Example 1: Synthesis of Catalyst

[0092] The catalysts were prepared by citrate gel method, for the preparation nitrate precursors of Ce, Cr and Ni were used (Alfa Aesar). These precursors are dissolved in minimal amount of distilled water. Citric acid is taken in 3:1 molar ratio of total ingredients and it is also dissolved in water. On a heating mantle with a stirrer at 190 C. in citric acid solution, these precursors are slowly added and left for few hours until the water is evaporated and a gel is formed. Addition starts at 100 C. and after addition, it is maintained at 190 C. Now this gel is kept in oven at 180 C. for 24 hours which will result in fluffy material formation. Further it is crushed to powder and is kept in furnace at 800 C. The compositions of Ce, Cr, Ni are mentioned in the proportions described in the table 1.

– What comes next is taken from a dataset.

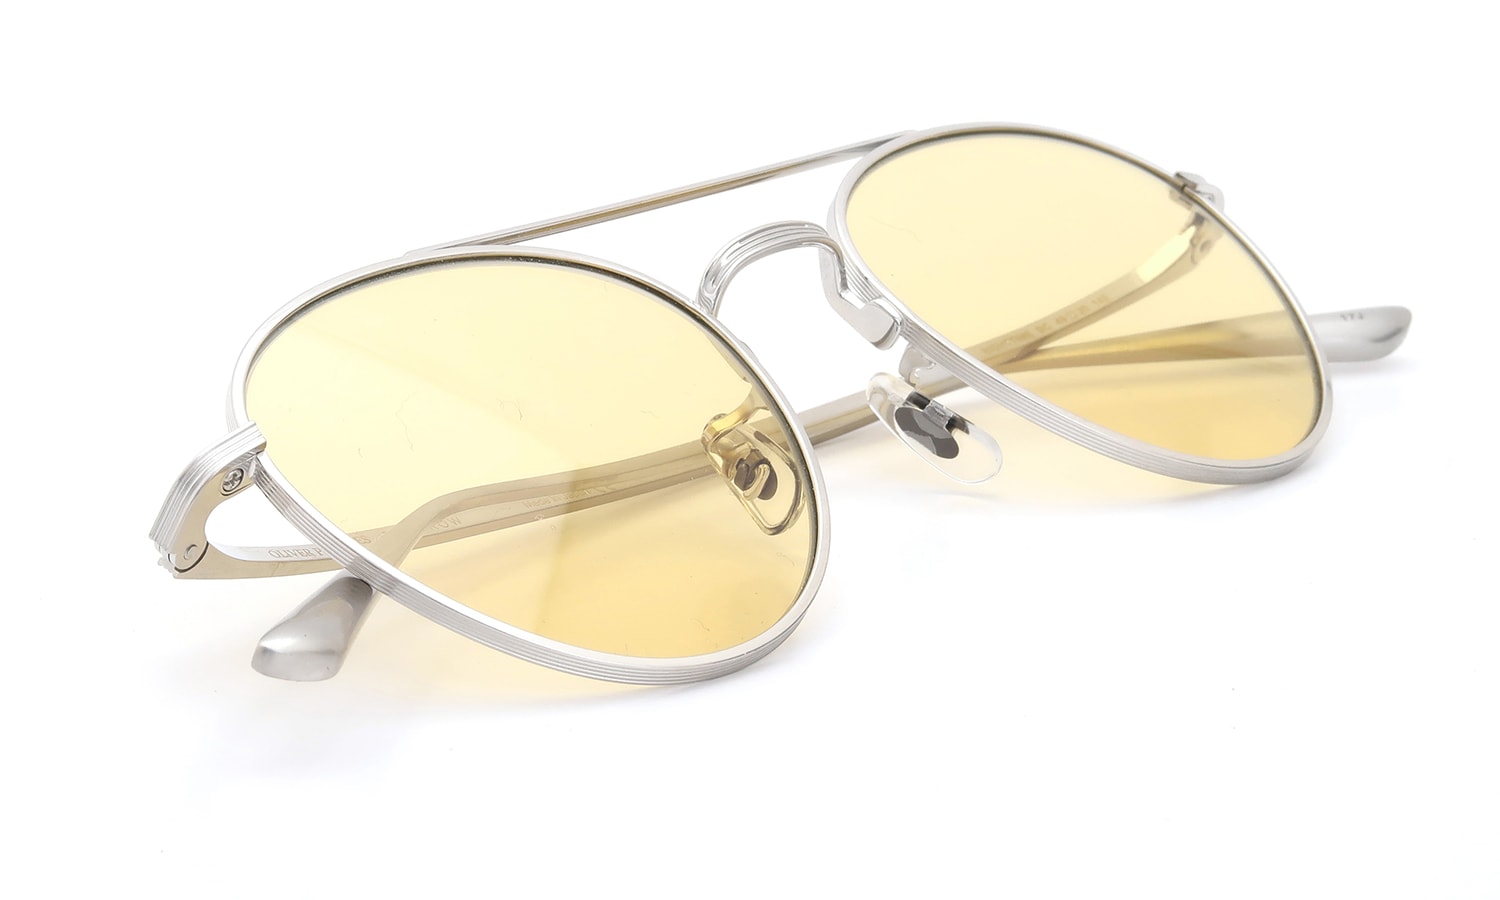 OLIVER PEOPLES×THE ROW NIGHTTIME BC
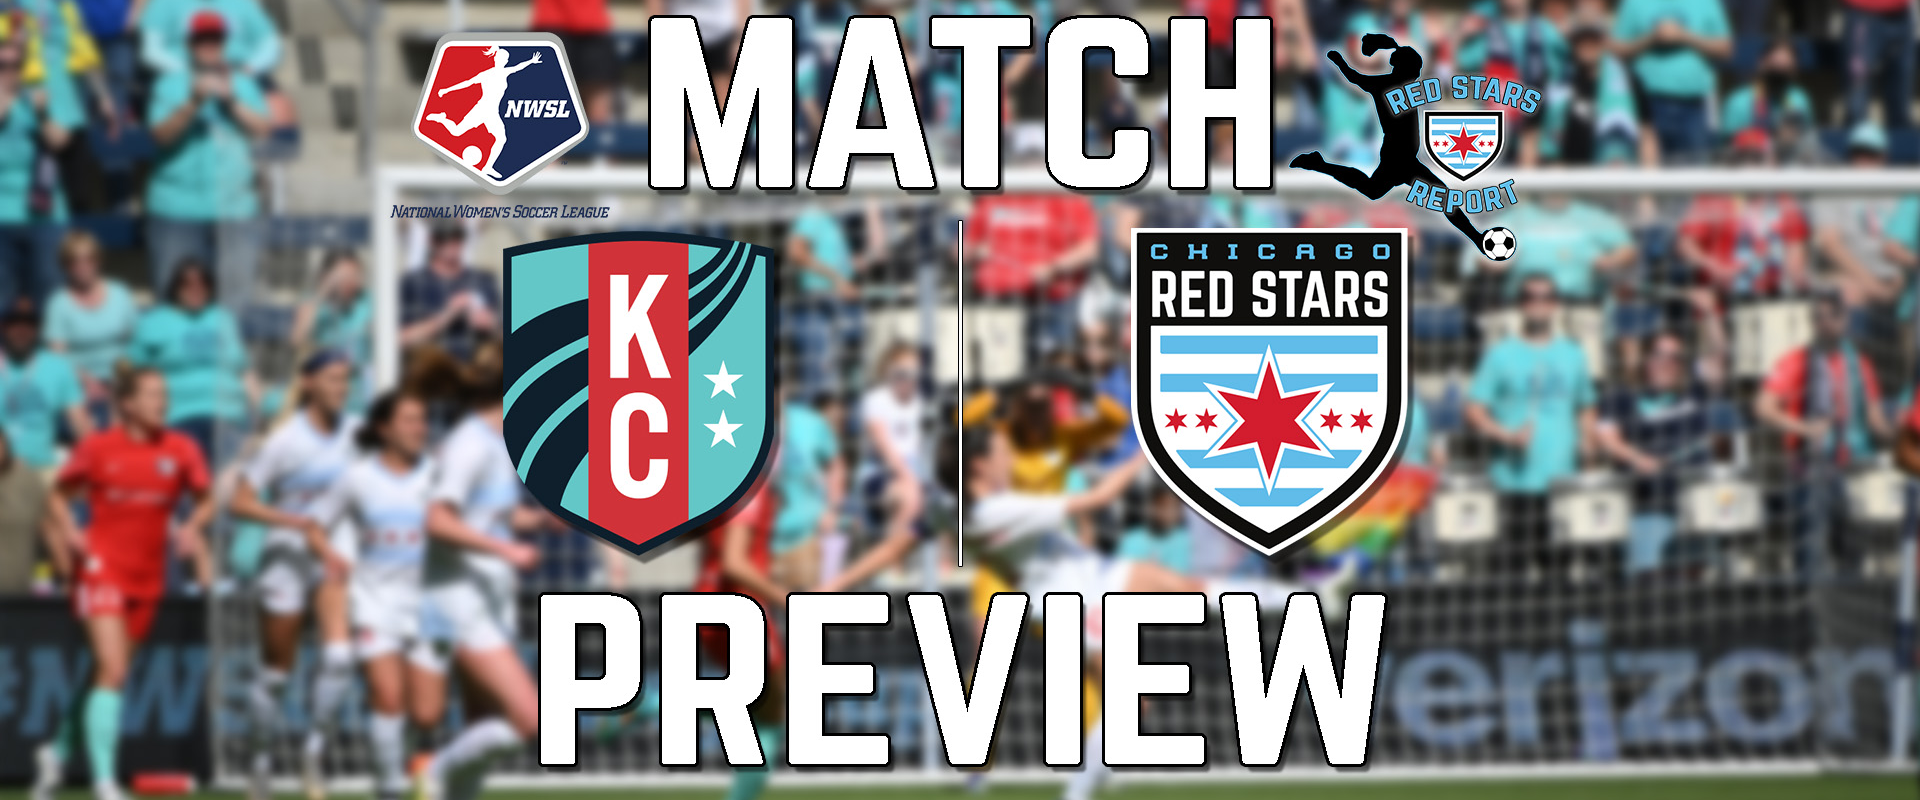 Red Stars Look To Continue Their Streak of Six Matches Unbeaten As They Take On The KC Current

Advantages of the Invention

[0093] 1. Catalyst is recyclable. [0094] 2. Catalyst is stable up to 800 C. [0095] 3. Catalyst can work even after sintering at 1400 C. [0096] 4. Catalyst is stable in reactions up to 500 hours. [0097] 5. Free of noble metals. [0098] 6. Catalyst is supported or unsupported on YSZ showing similar type of activity and stability. [0099] 7. Nickel Chromate spinel is also forming along with other metal oxides which is a very stable and material for reforming reactions. [0100] 8. Catalyst can be fabricated into Anode cell of SOFC.